She called the billing office and asked for an itemized bill. There were no complications, no anesthesia, not even a doctor present. Why was it so expensive? But what they received wasn't any more enlightening than the summary bill.

She got a clear impression that if they didn't pay they'd be sent to collections. To avoid ruining their credit, they agreed to a two-year payment plan and got their first installment bill, for $214.87 in April. Nancy thinks the overall charge is too high: "It's not fair [for] people who are in the low end of the middle class."

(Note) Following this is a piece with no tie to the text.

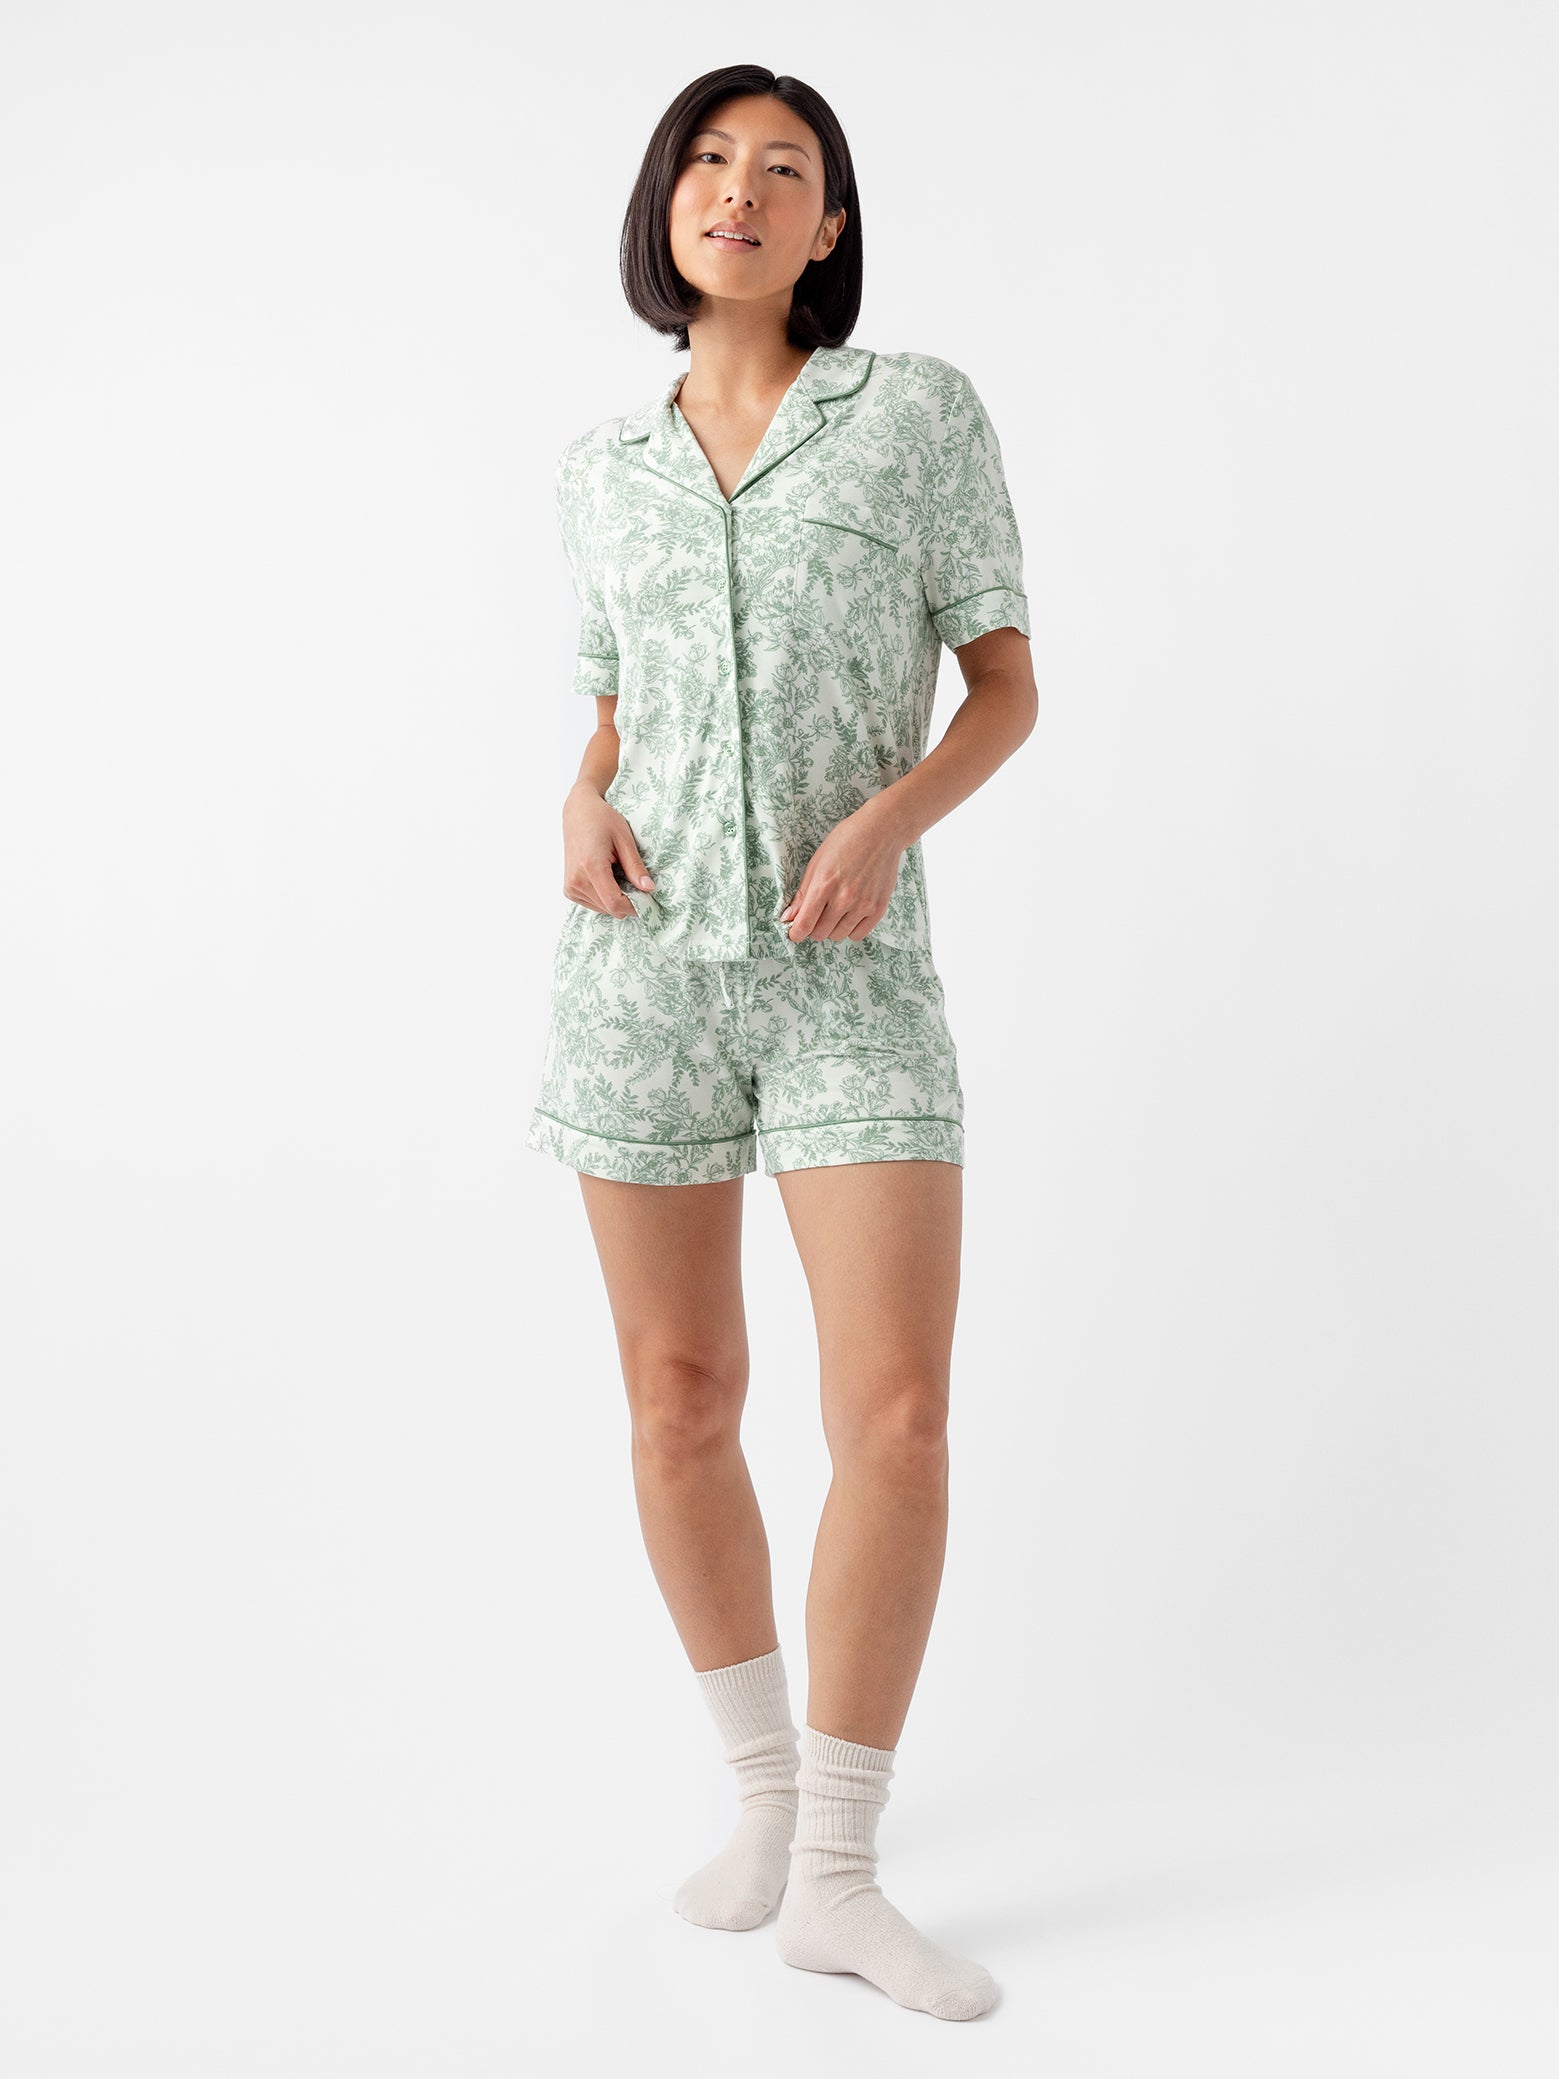 Woman wearing celadon toile short sleeve pajama set with white background 
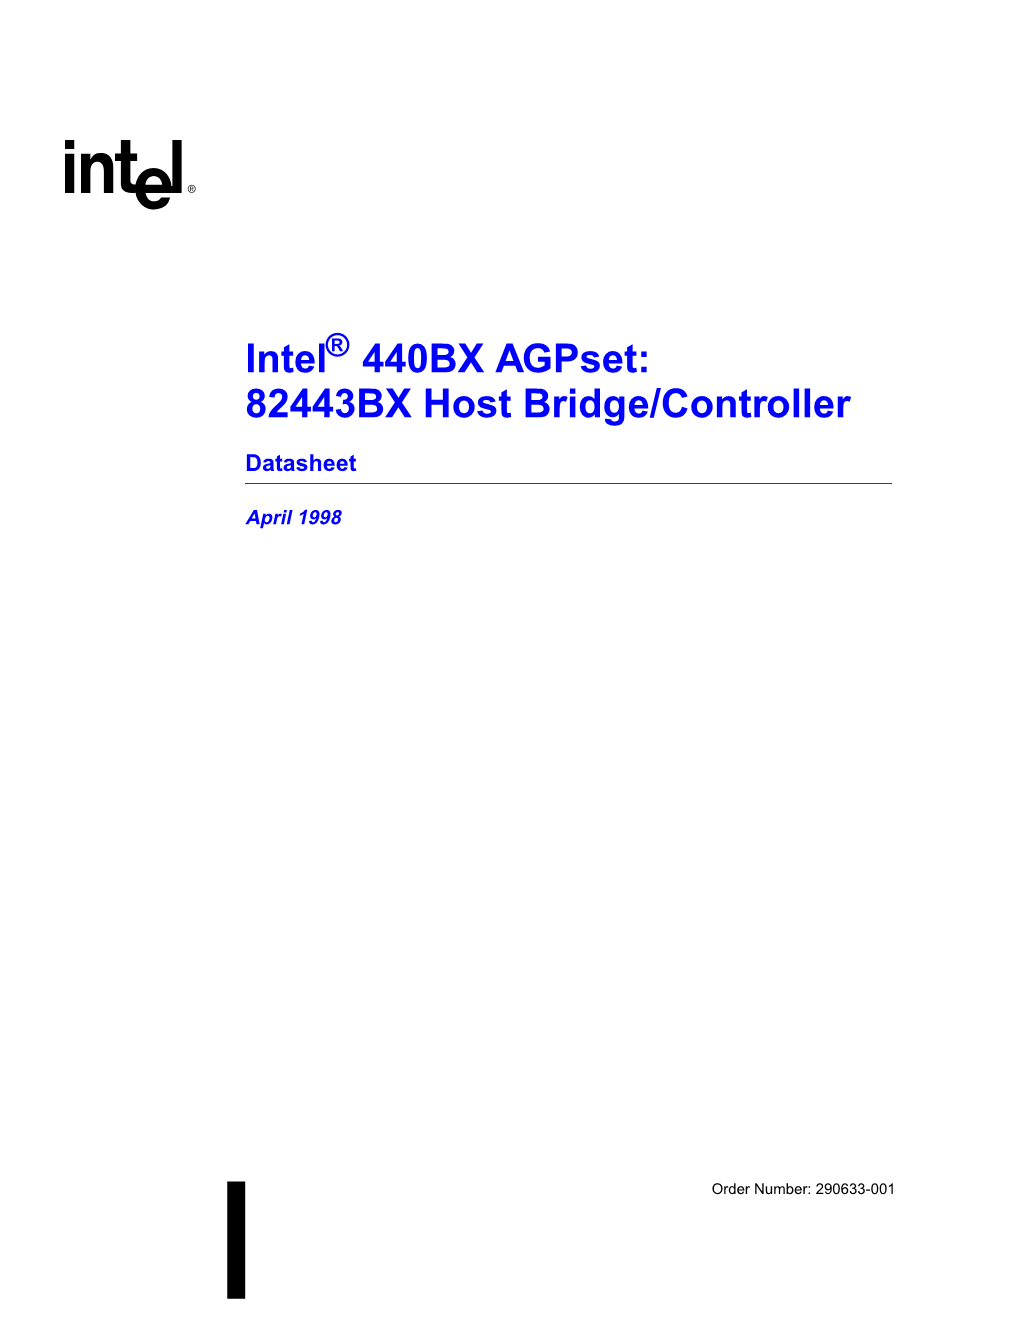 Intel 440BX Agpset

Lisa Worley, associate vice president for media relations at the University of Miami Health System, said in a statement that Mendoza "does not qualify for financial assistance because he has health insurance."

But the health system's posted financial assistance policy clearly states that financial assistance is available to "underinsured individuals with a balance remaining after third party liability of $1000 or more, whose family income for the preceding 12 months is equal to or less than 300% [of the federal poverty guidelines]."

Under a less detailed version of the hospital policy included in one of their bills, the Mendozas meet the income threshold for "assistance provided on a sliding scale."

In her statement, Worley referred to Mendoza's sleep test as an "elective service." The health system website says it "provides financial assistance for emergency and other medically necessary (non-elective) care."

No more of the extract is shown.